Suppose that $f$ is a continuous function such that $f(3)=8$ and $f(9)=6$. If $\mathrm{F}(\mathrm{x})$ is defined for each real number $x$ by
\[
F(x)=\int_{x}^{x^{2}} f(t) d t
\]
then what is the value of $F^{\prime}(3)$ ?
Answer
So, the value of \(F'(3)\) is \(\boxed{28}\).
Step 1 :Given the function \(F(x) = \int_{x}^{x^{2}} f(t) dt\), we want to find \(F'(3)\), which is the derivative of \(F\) at \(x = 3\).
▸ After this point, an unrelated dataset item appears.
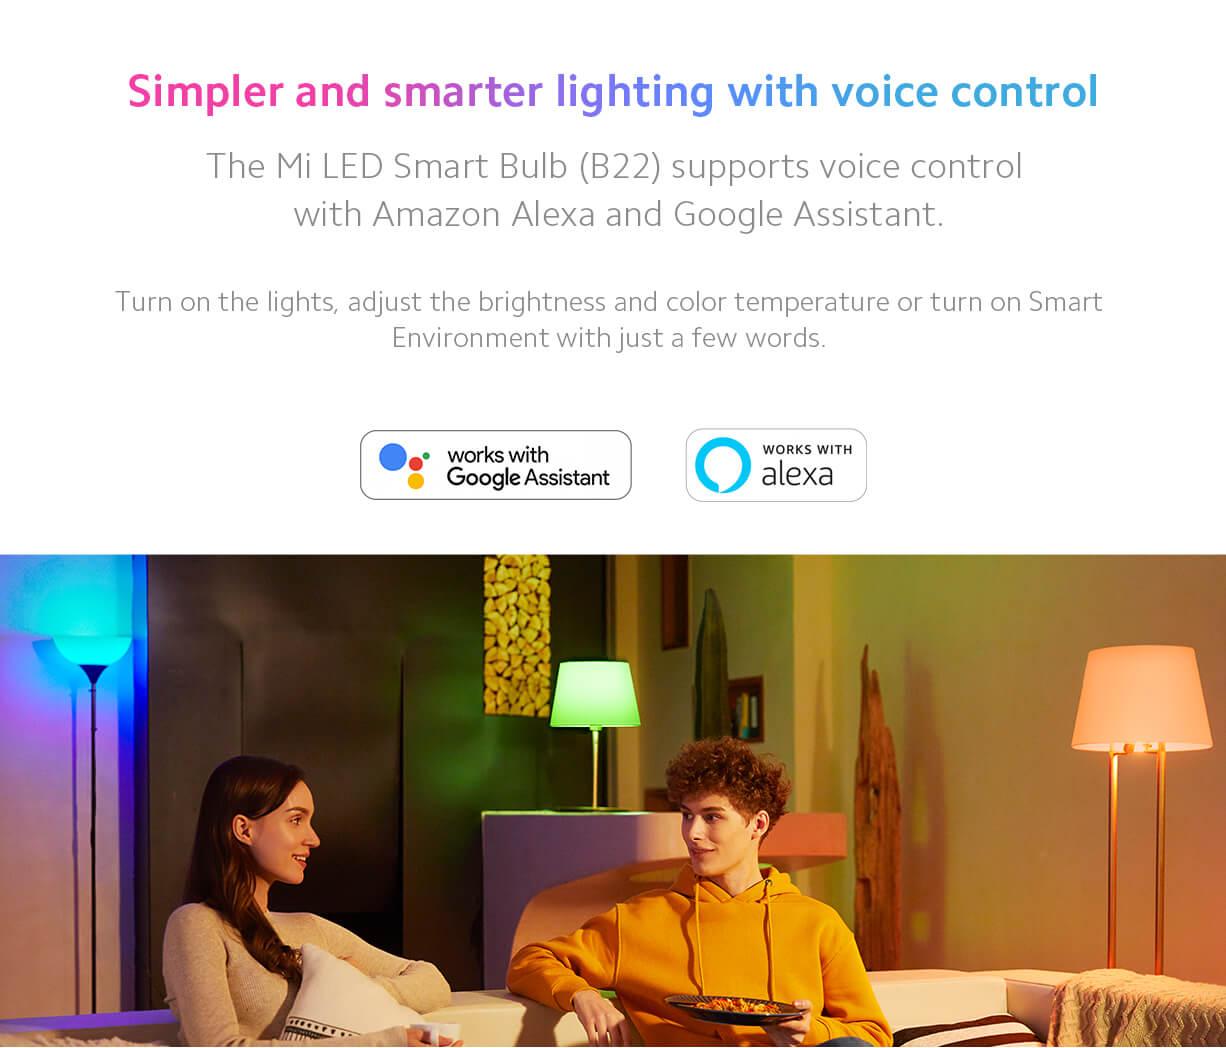 Mi LED Voice control

Step 2 :By the chain rule and the Fundamental Theorem of Calculus, we have \(F'(x) = f(x^2) * 2x - f(x)\).
Step 3 :So, \(F'(3) = f(3^2) * 2*3 - f(3)\).
Step 4 :Substituting the given values \(f(3) = 8\) and \(f(9) = 6\), we get \(F'(3) = 6 * 2*3 - 8\).
Step 5 :Solving the above expression, we get \(F'(3) = 36 - 8 = 28\).
Step 6 :So, the value of \(F'(3)\) is \(\boxed{28}\).